Correspondence brings to light some facts which are even sadder than all the normal afflictions which come to humanity. In many parts of the world the operations of the Gospel are checked by endless “strife about words to no profit.” Sometimes there are more serious and persistent challenges to the work of the Truth. Old heresies which we thought had died fifty or seventy years ago are revived and blended in a new way, making it possible for a number of different persuasions either to strive with each other, or to unite in attacking those who are grounded and settled in that Hope which is able to transform us and make us fit for the Kingdom of God. I have received three copies of a single pamphlet which seeks to revive an old attack.
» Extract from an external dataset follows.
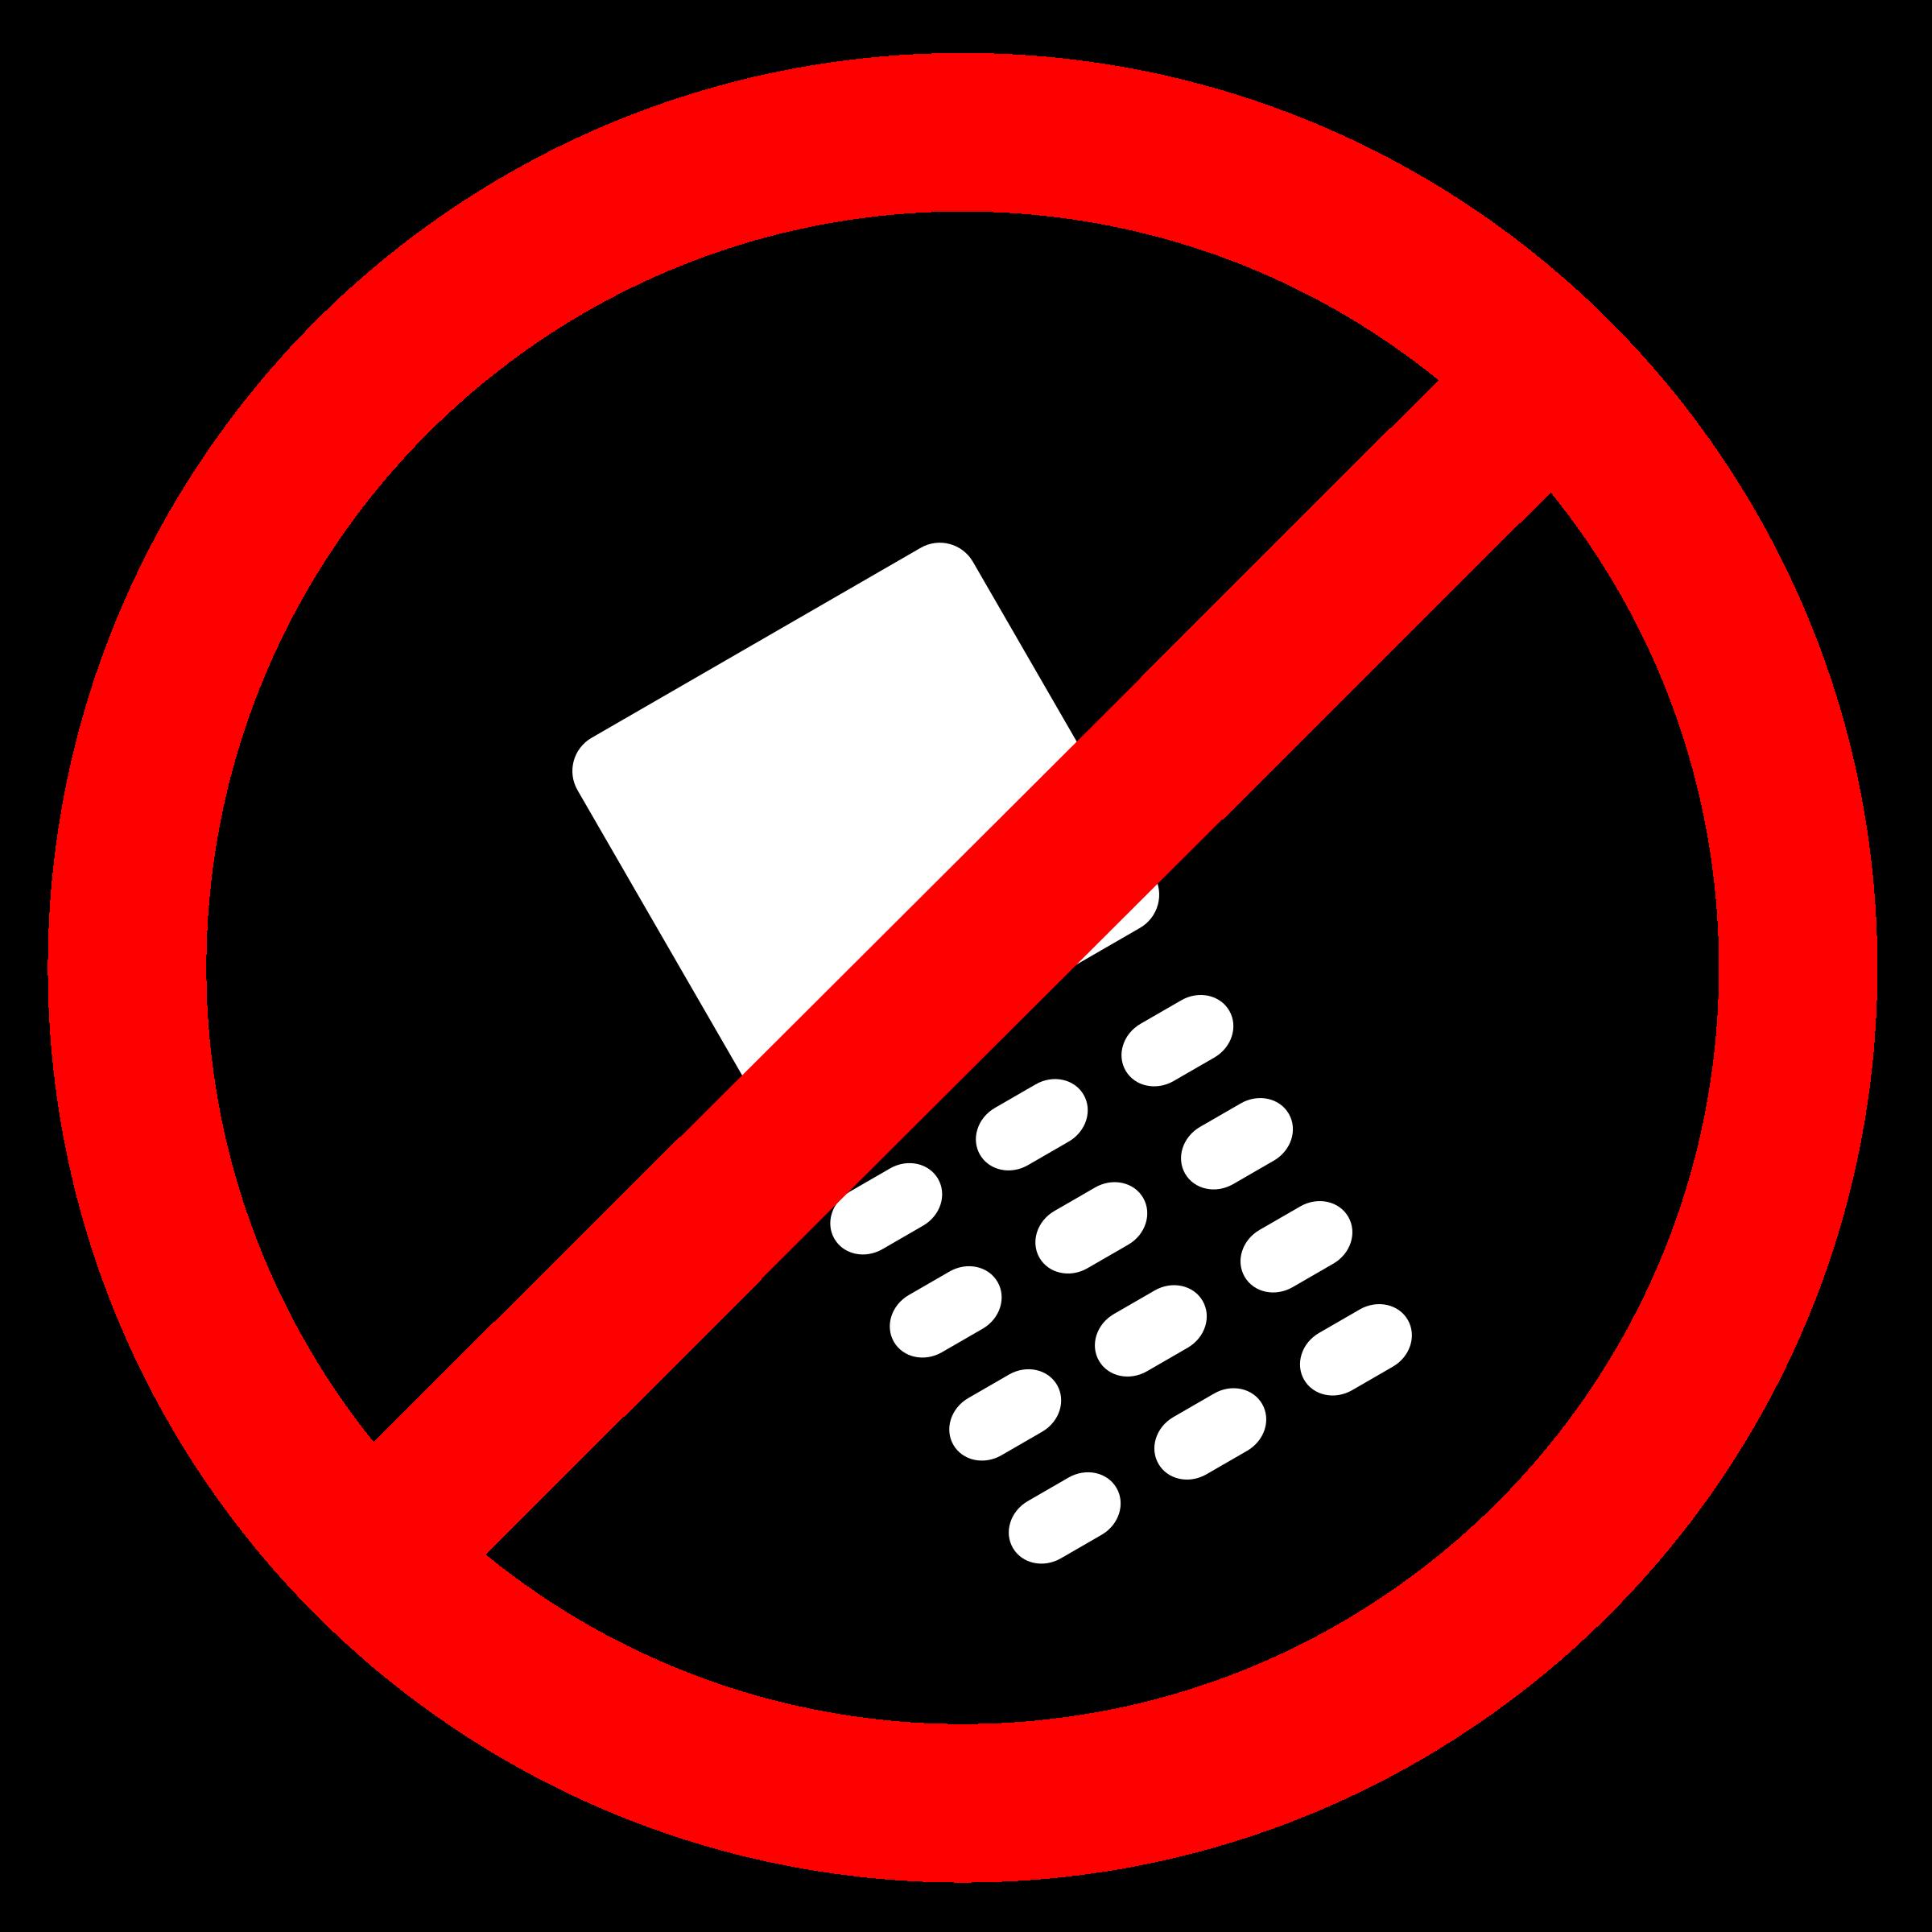 Phone clipart mbile #7

It is one of those efforts in which there is an attempt to atone for poverty of argument by vigour of expression; and the “vigorous expression” so soon degenerates into a schoolboy type of rudeness, utterly futile in controversy of any kind, and tragically incongruous when applied to the most solemn and sacred of all the subjects presented in Scripture. It is difficult to understand why anyone should circulate such a pamphlet.
In some parts of the world more subtle and difficult controversy rages month after month and year after year. A recent communication reproaches me for not sounding an alarm in an effort to put matters right, for it is alleged that there have been some wrongful withdrawals. Alas! there have been many wrongful withdrawals all through history. Perhaps there has been more of unpardonable sin in this matter than in any other. There were wrongful withdrawals in apostolic days (3 John 9 : 10). Such evils need the wisdom and authority of an apostle to put them right. In any dispute or trouble, when investigation is made it is nearly always found that there are faults on both sides, and outside observers may not agree as to where the greater fault lies. We can see the wisdom of the divine rule which does not make Ephesus responsible for Sardis, or Sardis responsible for the evils of Laodicea. The seven churches in Asia were not far apart from each other, but each was responsible to the Lord, and not to other churches.
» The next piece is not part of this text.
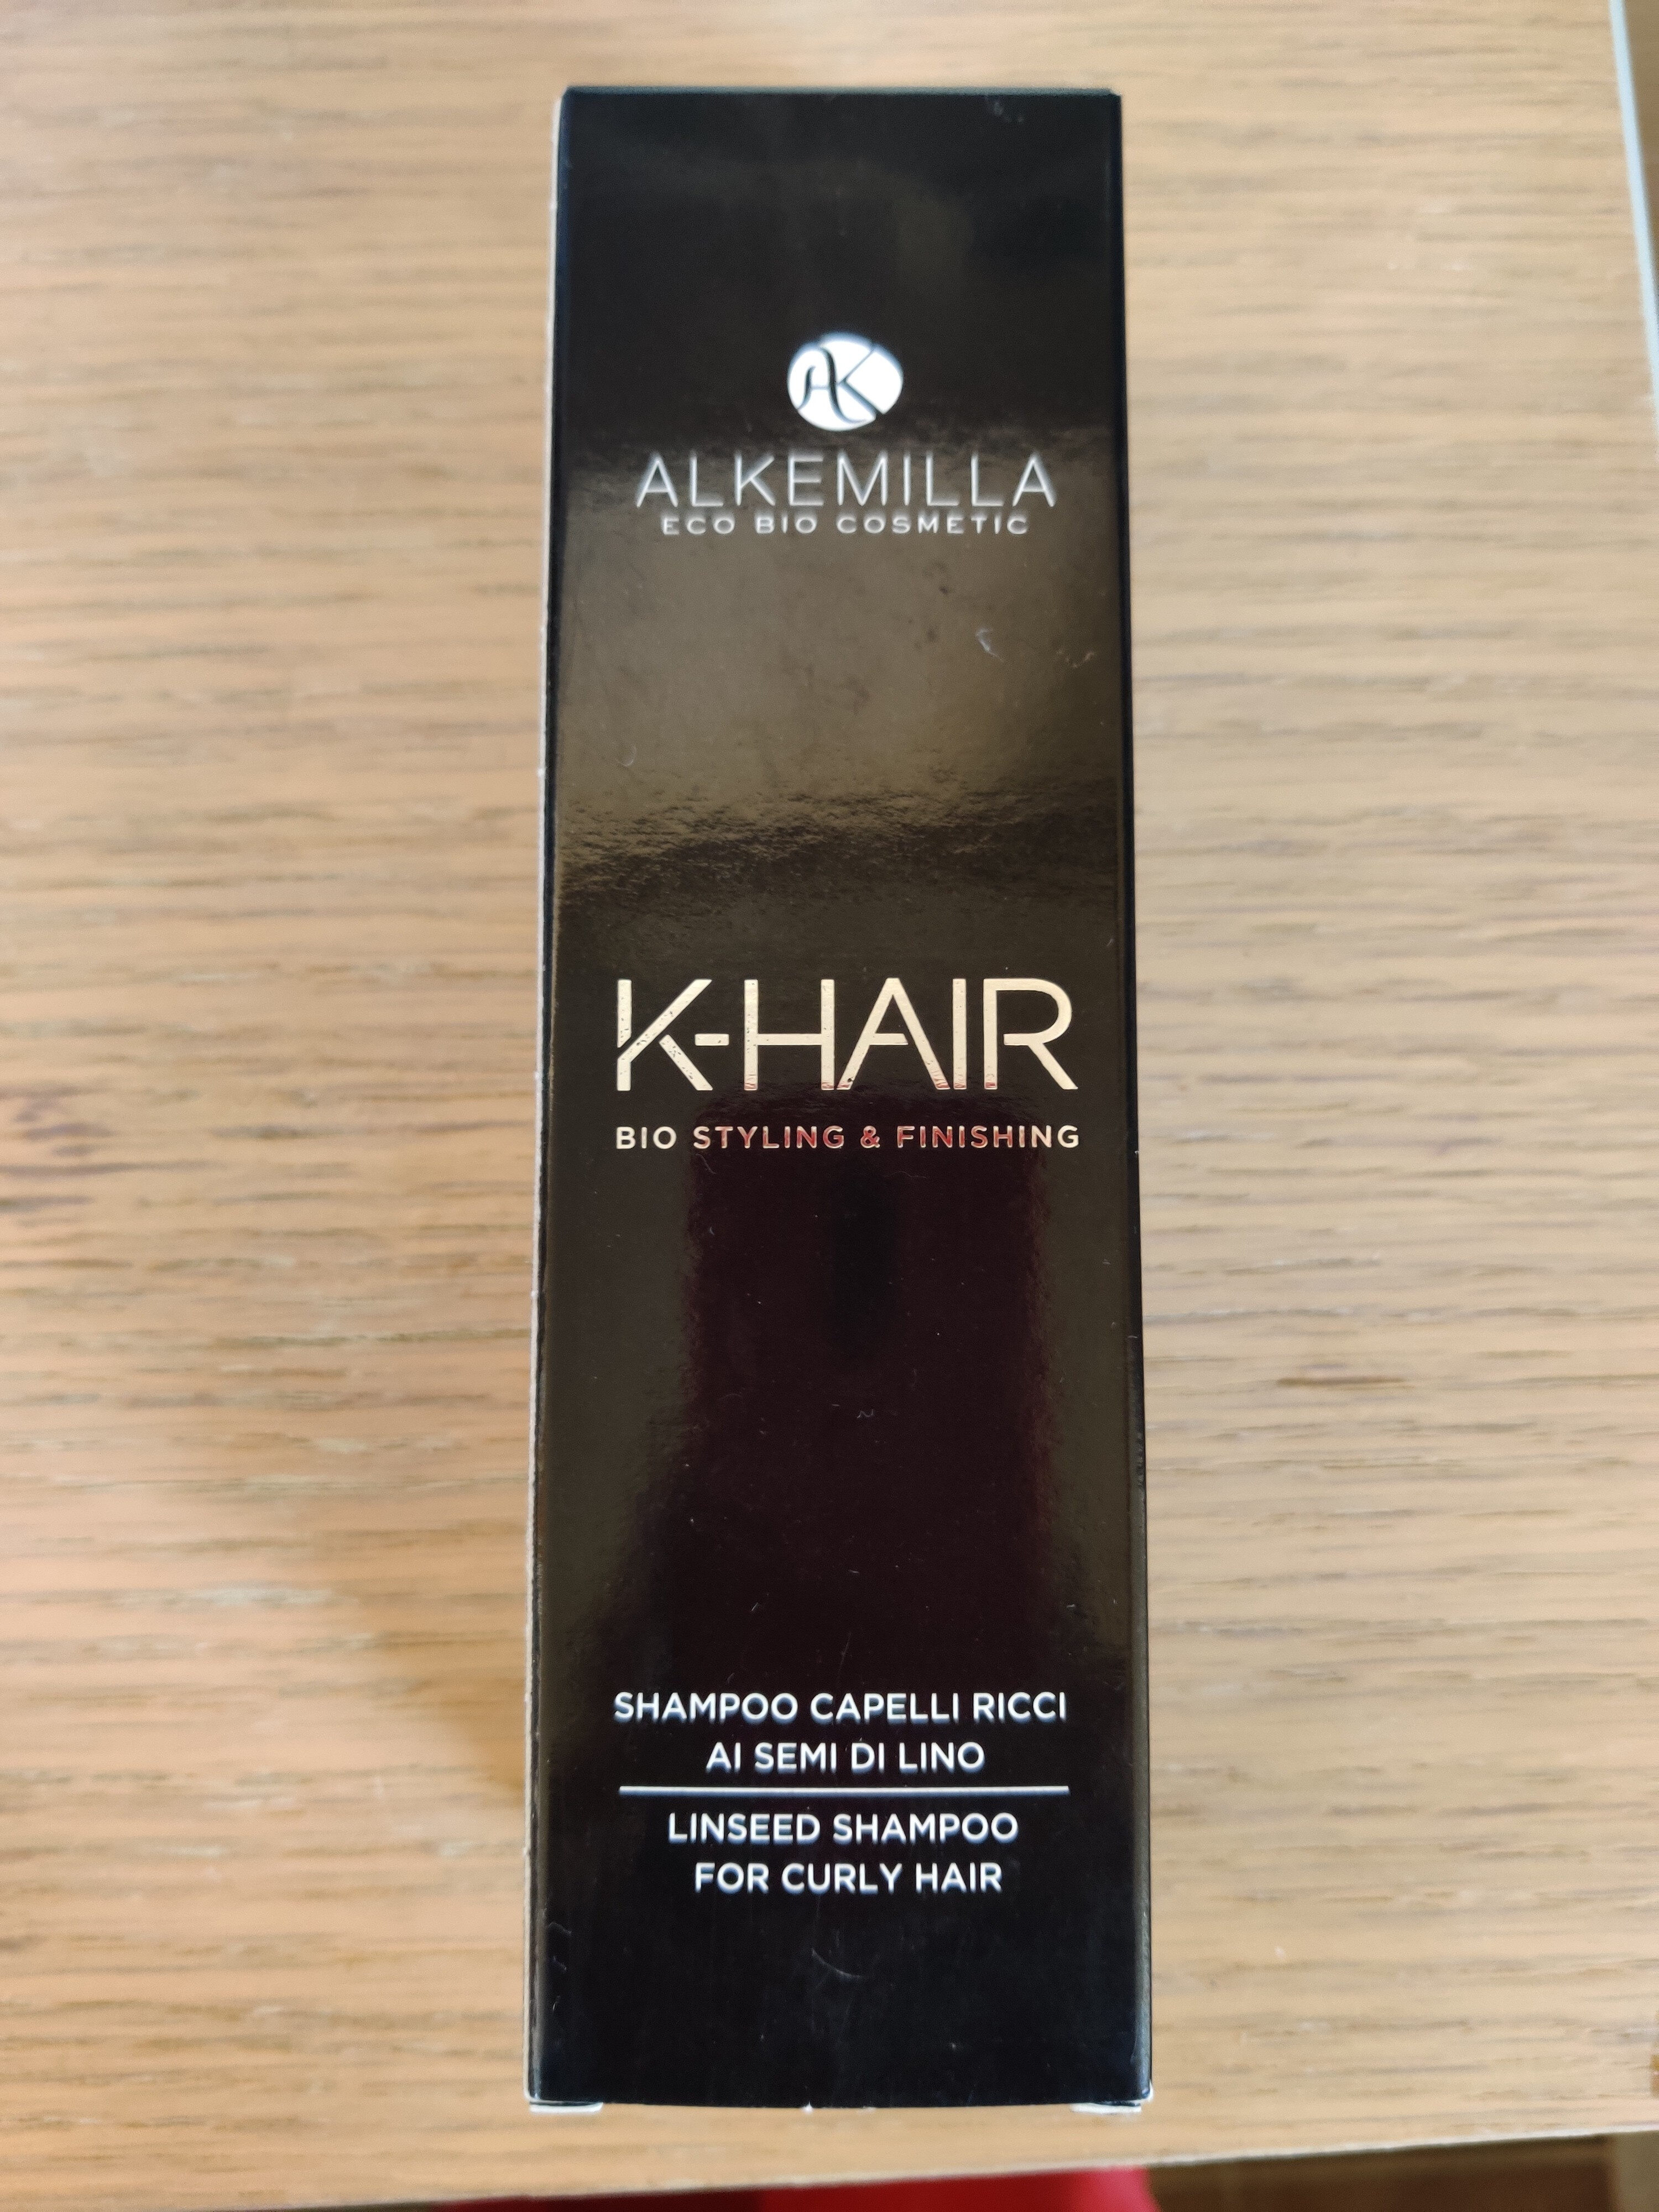 shampoo capelli ricci - Product - it

In some of the disputes it may seem possible to help by finding a definition which can be accepted by all sides: as it was scornfully observed twenty years ago, “Trying to find a formula after the manner of diplomatists.” Surely there is nothing of which to be ashamed in trying to make peace among brethren who are divided by strife of words. The only objection to the carefully worded formula is that it rarely brings peace. It may be accepted by both sides, showing that there is no vital difference of conviction to prevent harmony. For a little while we may think that we have succeeded. Then one side says, “We agree with your definition, but we think that it needs strengthening here.” The other side says, “Yes, we agree, but we think it needs to be made a little clearer here.” Then when one party has strengthened it and the other has made it clearer, we may be sure that the strife of words will break out as fiercely as ever. Such contention will not help anyone toward the Kingdom. It does not build us up in our most holy faith and make us fit for the Master’s use. Rather does it pull us down, check all spiritual growth, drive some away from the faith, and wear others out by fruitless controversy.
Dr. Thomas truly remarked that it is always right to contend earnestly for the Faith, and a healthy body will never be divided by this. But to contend for anything less than the Faith leads to all manner of evil.
If any member of the community becomes convinced that he has found a truth of vital importance, his conscience prompts him to proclaim the new doctrine. If others are convinced that he is wrong and that his agitation is doing harm, they are equally in honour bound to resist him. Division may become inevitable. Then let all concerned, and especially those who espouse the new teaching, pray for wisdom and examine themselves with merciless severity, for it is just at these times that feeling plays such a deadly part. Here lies the real danger arising from the many winds of doctrine which are spread through the post. Arguments which would not have the slightest effect when considered by a cool and scripturally enlightened reason, may become a grave menace when they are supported by feeling, even though the emotions which prove such a driving force have been aroused by matters far removed from the controversy in which they find expression. We can see how this acts in the political world. A man who feels that he has been slighted by his party will join with those who have been his opponents, and with whom he has nothing in common except a dislike of those who have offended him. Truly such resentments of the political world ought to have no counterpart in religion, but all men of experience know that there is often a humiliating resemblance between the affairs of the ecclesias and those of the world. In this connection I would remind you of one of the most interesting of the confessions made by bro. Roberts in his Autobiography. In early days there came a period of severe strain in his relationship with Dr. Thomas. The Doctor mistrusted him, and apparently accepted the judgment of his adversaries. R.R. was wounded deeply, and with his lacerated feelings raised the question in his mind whether after all the Doctor was right in his exposition of Scripture. Most natural, but not reasonable. A renewed appeal to the Word confirmed the conviction that the Doctor’s position could not be shaken. R.R. crushed down all resentful feeling, with the happy result that presently the misunderstandings were cleared away, and there was enduring harmony.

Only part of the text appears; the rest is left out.